A Few Pharma Companies Speak to FDA Social Media Docket

On January 29th new documents appeared in the FDA's docket that has been devised to collect commentary after the November 12-13 Part 15 meeting on social media and the Internet and medical product marketing.  Up to this point, both in the actual meeting and in docket submission, medical product manufacturers have been largely non-participatory, with only a few participating in the meeting and until now, none submitting to the docket.  

The submission was put into the docket by the "Social Media Working Group which the document states includes representatives from Amgen, AstraZeneca, Bristol Myers Squibb, Millenium Pharmaceuticals and sanofi-aventis U.S.   

Of the questions posed by the FDA in the agency announcement of the meeting, the SMWG responded to Questions 2 and 5.  It is perhaps emblematic of the complexity of the issues that the response document submitted by SMWG is sometimes unclear.  As nearly as I can tell, here is some of what they had to say.

Question 2 asked how manufacturers can deliver fair balance when using tools that have space limitations and require real time communications.  To this, with respect to company sites, microsites and communities, the companies promoted the use of links that would take an Internet user (a User) to full prescribing information.  This is, in essence, the so-called "one-click" rule (that was never a rule at all) which was already rejected by the FDA in its April 2 Notice of Violation letters.

The companies divided their comments into a section on company sites and then a section on third party sites.  

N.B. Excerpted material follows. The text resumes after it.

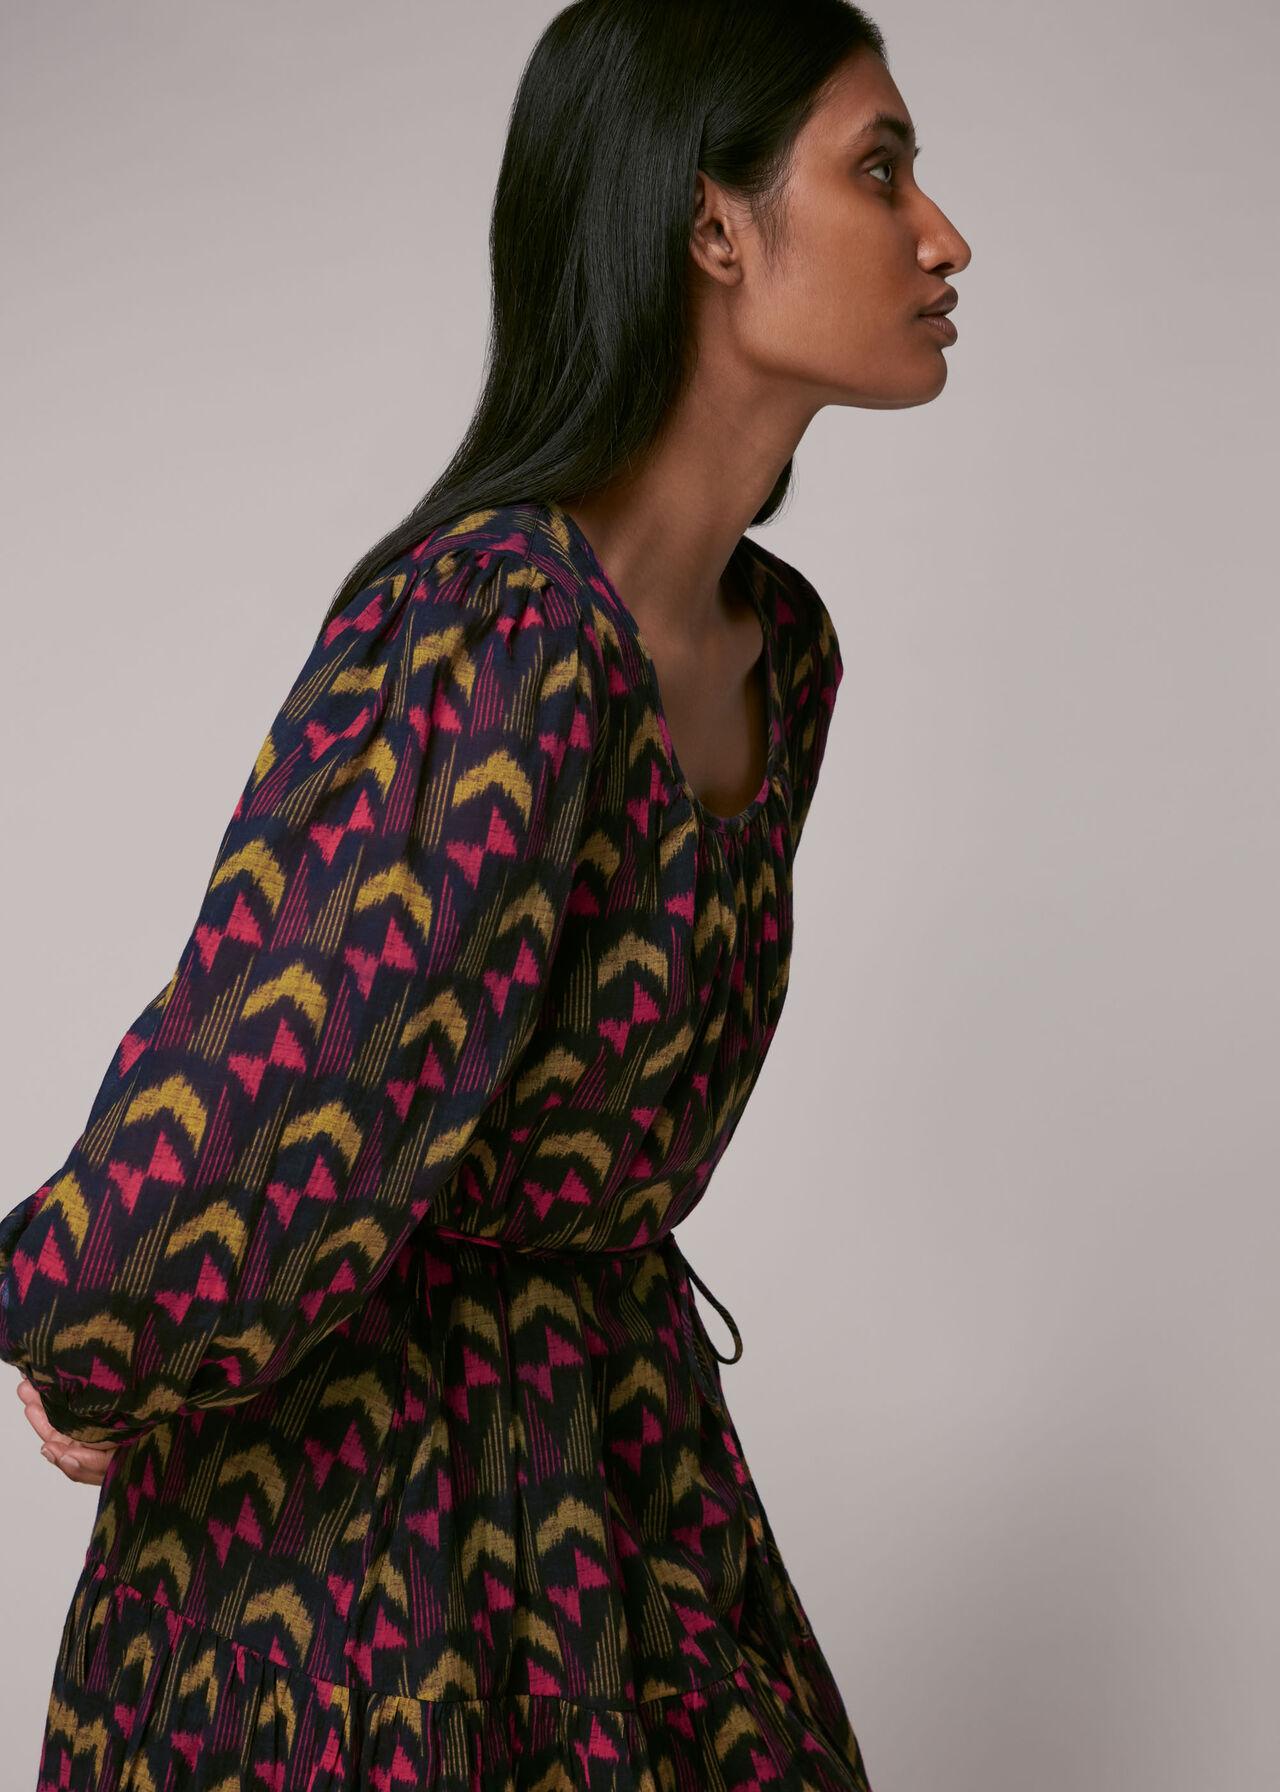 Geometric Ikat Trapeze Dress

Respecting company sites, the SMWG said that companies should anticipate and monitor off-label comments on such sites and that FDA "could" require such monitoring and that companies clearly state "Terms of Use" associated with such sites and remove posts that violate said terms of use.  For non-branded sites, Users would be notified that discussions are not meant to be product-specific and for branded sites, there would be a statement that postings must be FDA-consistgent, which assumes a User is going to know what is consistent and what is not.

Questions that are posed to companies respecting off-label use should be "labelled" themselves as involving off-label use and include links to prescribing information.    The idea here is to keep the off-label comment there with the manufacturer notation that it is off-label as a means to mark it for others.  Would FDA see that as educational or a closet way to spread word about off-label use? 

On third party sites, when companies participate in "on-label" discussions, they should include a link to full prescribing information to maintain fair balance.  With respect to off-label discussions the SMWG said companies "should refrain" from responding to off-label discussions, though how one does that is unclear.  If a company is engaged in off-label discussions, then it should inform the community that a question pertains to off-label and thereby informs future Users of the fact.  For real time responses, the companies suggested that static elements and materials that would be used in real time responses be submitted ahead of time on Form 2253.  

It is hard to imagine the FDA being comfortable with company participation in off-label discussions, even if clearly marked as such.  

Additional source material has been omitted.